And today I learned that Jessica Paré’s baby daddy John Kastner sort of looks like what you’d get if that sneaky snake Pete Campbell got Don Draper hooked on peyote and abandoned him at a spiritual retreat in the desert during a SCDP business trip. Oh shit, did I just spoil the ending to Man Men for myself?
But back to Megan from Mad Men. For those of you thinking “Wait, Megan from Mad Men was pregnant?” – yes she was, and yesterday her boyfriend posted a picture of his 8-year-old daughter holding the baby they made together to Instagram with the caption:
“Please meet Blues Anthony Paré Kastner…“
This is Jessica’s first kid and John’s second.
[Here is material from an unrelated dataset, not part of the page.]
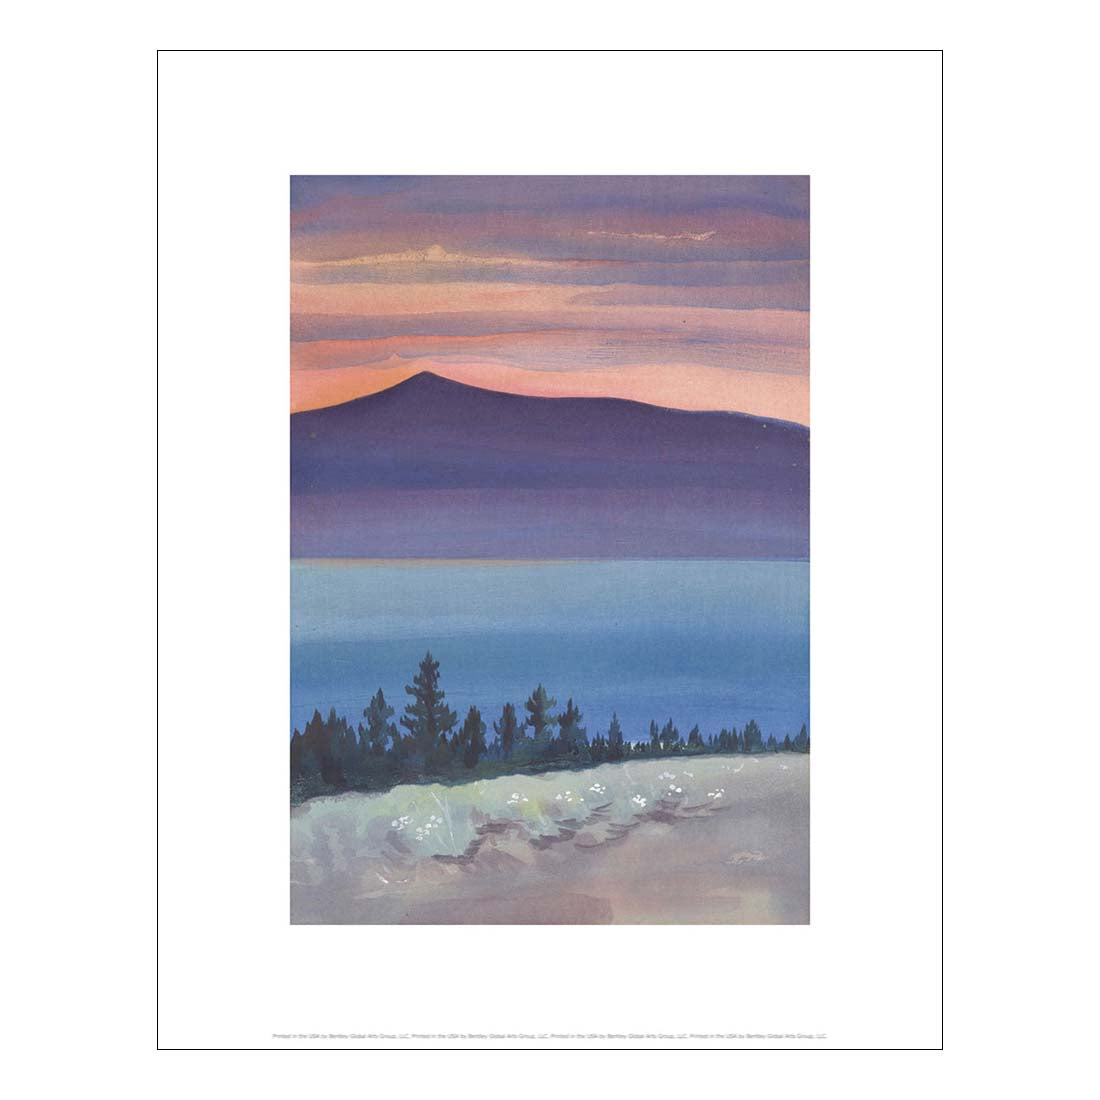 Obata Evening Glow of Mono Lake Print
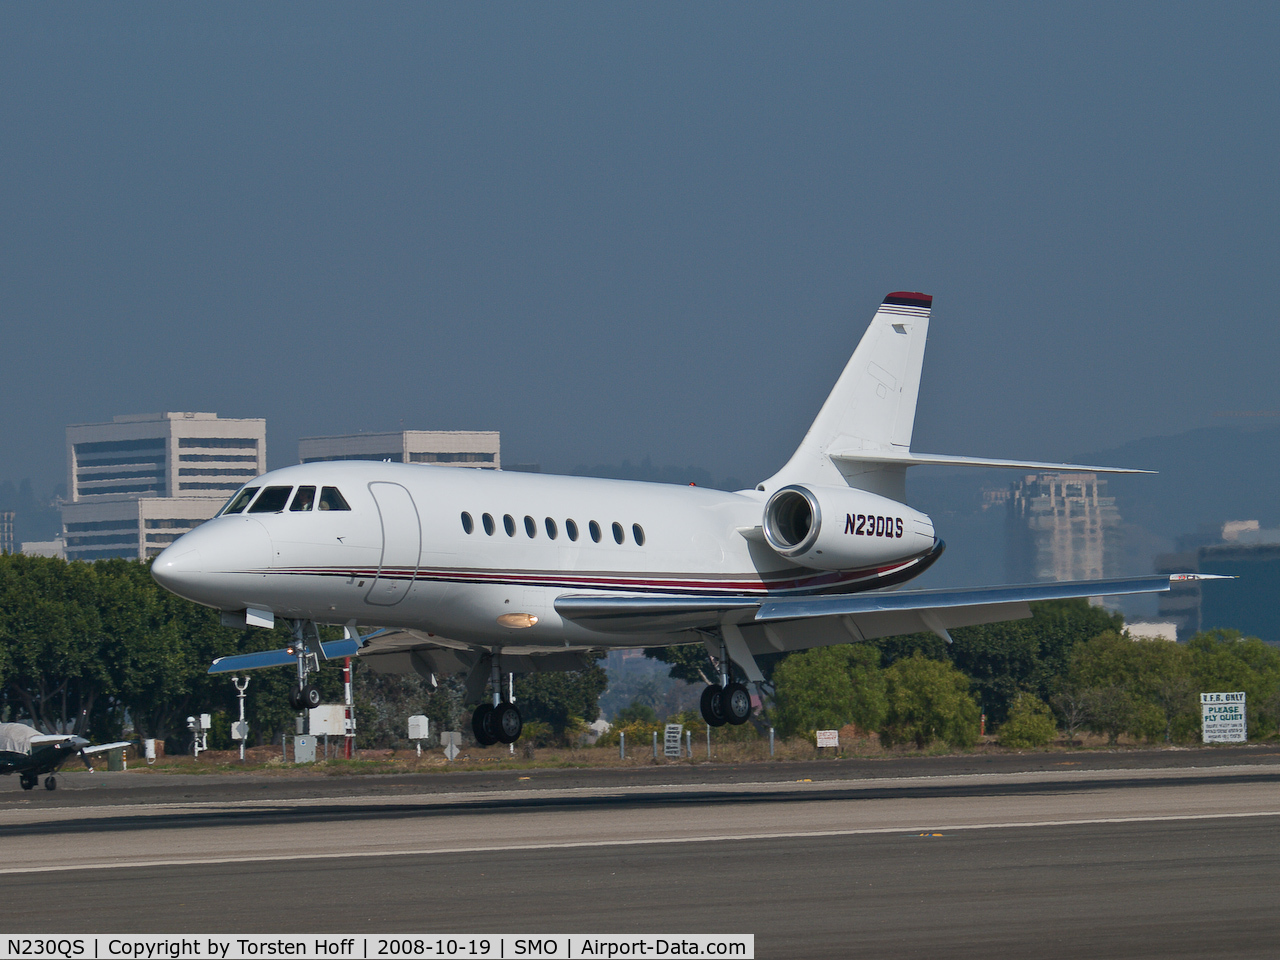 N230QS, 2005 Dassault Falcon 2000EX C/N 59, N230QS arriving on RWY 21

Jessica and John (born name: Jean-Guy) are both French Canadian, so I’m personally shocked that they didn’t name their new baby something ultra-Québécois. I’m barely 1/16th French Canadian, but every time I think about naming something like a fish or a plant, my mind immediately goes to Céline or Étienne or Jean-Luc Guy de la Guy. But Blues is fine, I guess. Also if you switch his names around, you get Tony Blues, which sounds like the name of a street tough in a movie about 1950s denim gangs, and let’s be honest – that’s a pretty cool nickname.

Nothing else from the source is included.